Way, way back I explained what "fast" is, with regards to synchronization objects. Briefly, a fast object is one that executes entirely in user mode, save for two times: when a thread needs to go to sleep, and when a thread needs to be woken up.
But that isn't fast enough for some people. As discussed previously, fast objects work by using atomic instructions and/or memory barriers. While atomic instructions in and of themselves aren't THAT bad, speed-wise (in the best case taking only about 20 cycles), on some architectures (like x86) they imply either a write barrier or a full barrier. By definition these are constriction points, which bring the various parts of the system into sync, and require waiting for all pending writes/operations to complete. In the best case (no queued I/O) this may be almost instant. In the worst case (many queued I/O accesses), it may take hundreds of cycles. Even though this only applies to one CPU/core, that's a pretty large amount of dead time (for example, you might be able to call malloc in that time).
But is it possible to avoid the use of atomic operations altogether? Well, yes and no. It's impossible to have a multiprocessing system that shares resources completely without atomic operations (well, I suppose you could, but it would be hideously ugly and slow). There must be some way to synchronize code or data between threads and processors - atomic operations provide this ability.
However, in very specialized circumstances (and only from some threads), we can get around using atomic operations. One way to achieve this is called collocation. Collocation is the storage of two (or more) pieces of data - one accessed by one thread, the other accessed by another thread - inside a single word. The thread's data is written to using a small write, then the entire word is read at once.
Collocation relies on data dependency to cause a partial processor stall without the need to perform a full memory barrier. Most processors are always self-consistent and have instruction ordering rules that state that a write to a memory location smaller than a word must be committed to memory (actually, cache, but CPU caches are typically coherent, meaning all CPUs will see modifications to the cache of one CPU) before a larger read from that same location. This can be done using nonatomic operations, and does not require a memory barrier - it forces ordering only on two instructions, while allowing the processor to optimally reorder and buffer all other instructions. In the worst case, this causes a full pipeline flush (20-30 cycles), and may take less - significantly faster than a full memory barrier, in the worst case.

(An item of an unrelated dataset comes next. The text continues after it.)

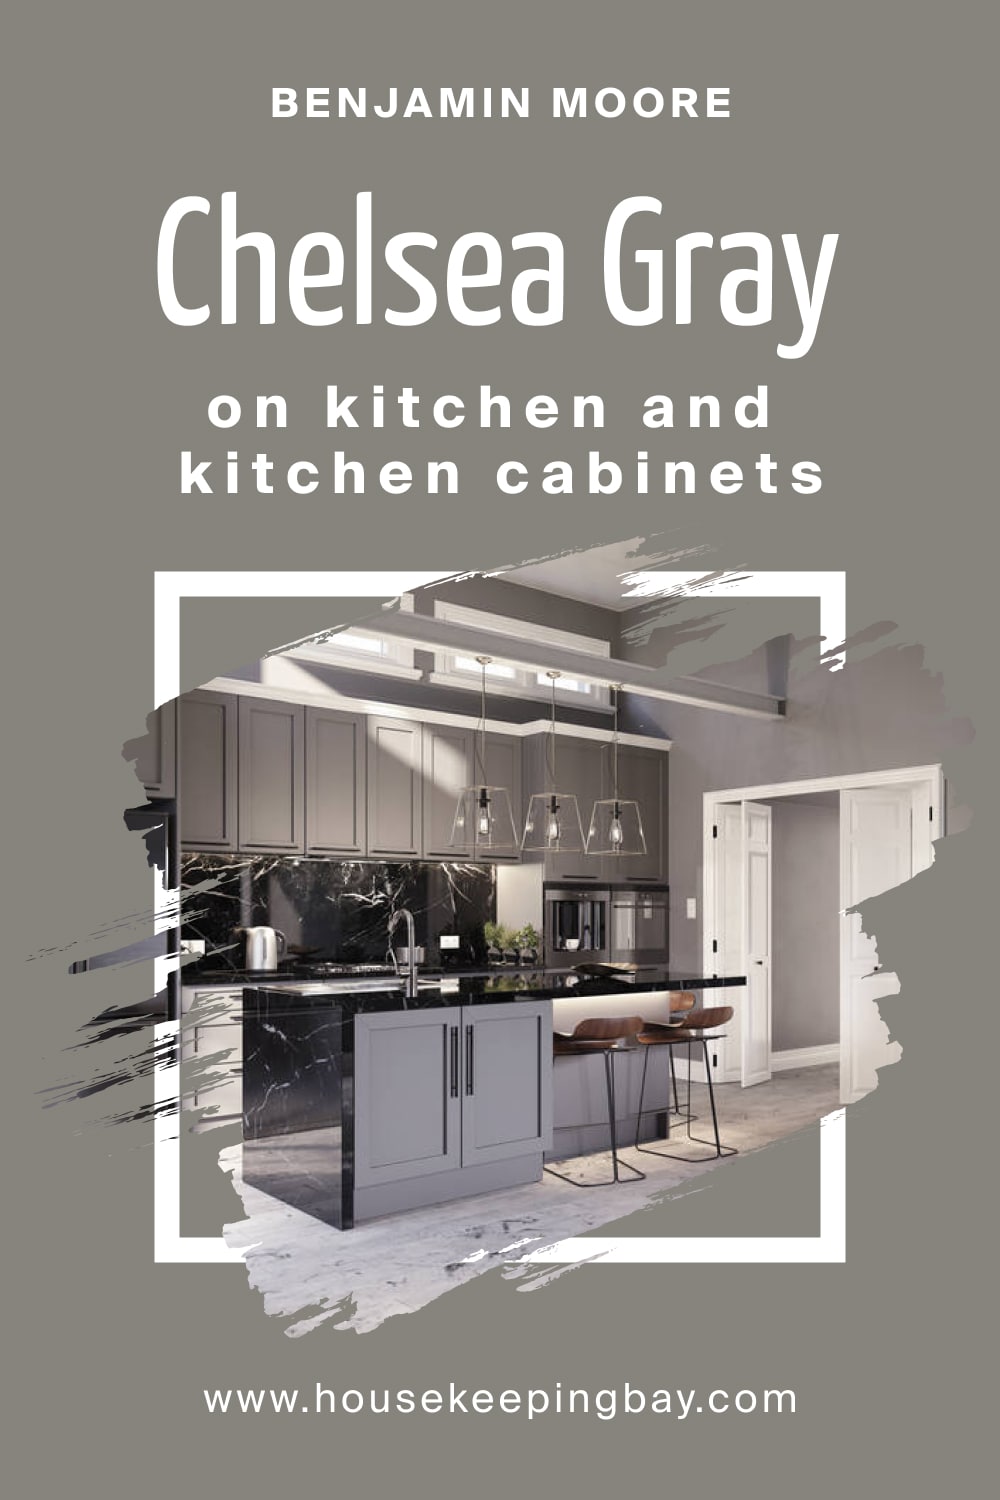 Benjamin Moore. Chelsea Gray HC 168 On Kitchen and Kitchen Cabinets

However, this method is not an exact substitute for atomic instructions. It only ensures that both writing and reading threads will see the writes made by each other - it does not provide a way for either thread to know in what order the writes occurred, the way atomic instructions can. So, what use is it? Well, if you apply some creativity, it's still useful in some cases. To be able to take advantage of collocation, the threads sharing data must be fundamentally asymmetric - each thread must write to a separate fields in the word, and only one thread may use collocation to avoid atomic operations (the other threads must use atomic operations). This implies where collocation is useful: when one thread performs a large portion of the writes, and other threads only make occasional writes.
This is just an introduction to collocation as a lock-free structure tool; the posts on super-fast mutexes and condition variables with timeout will give some real-world examples of how atomic operations can be avoided using collocation.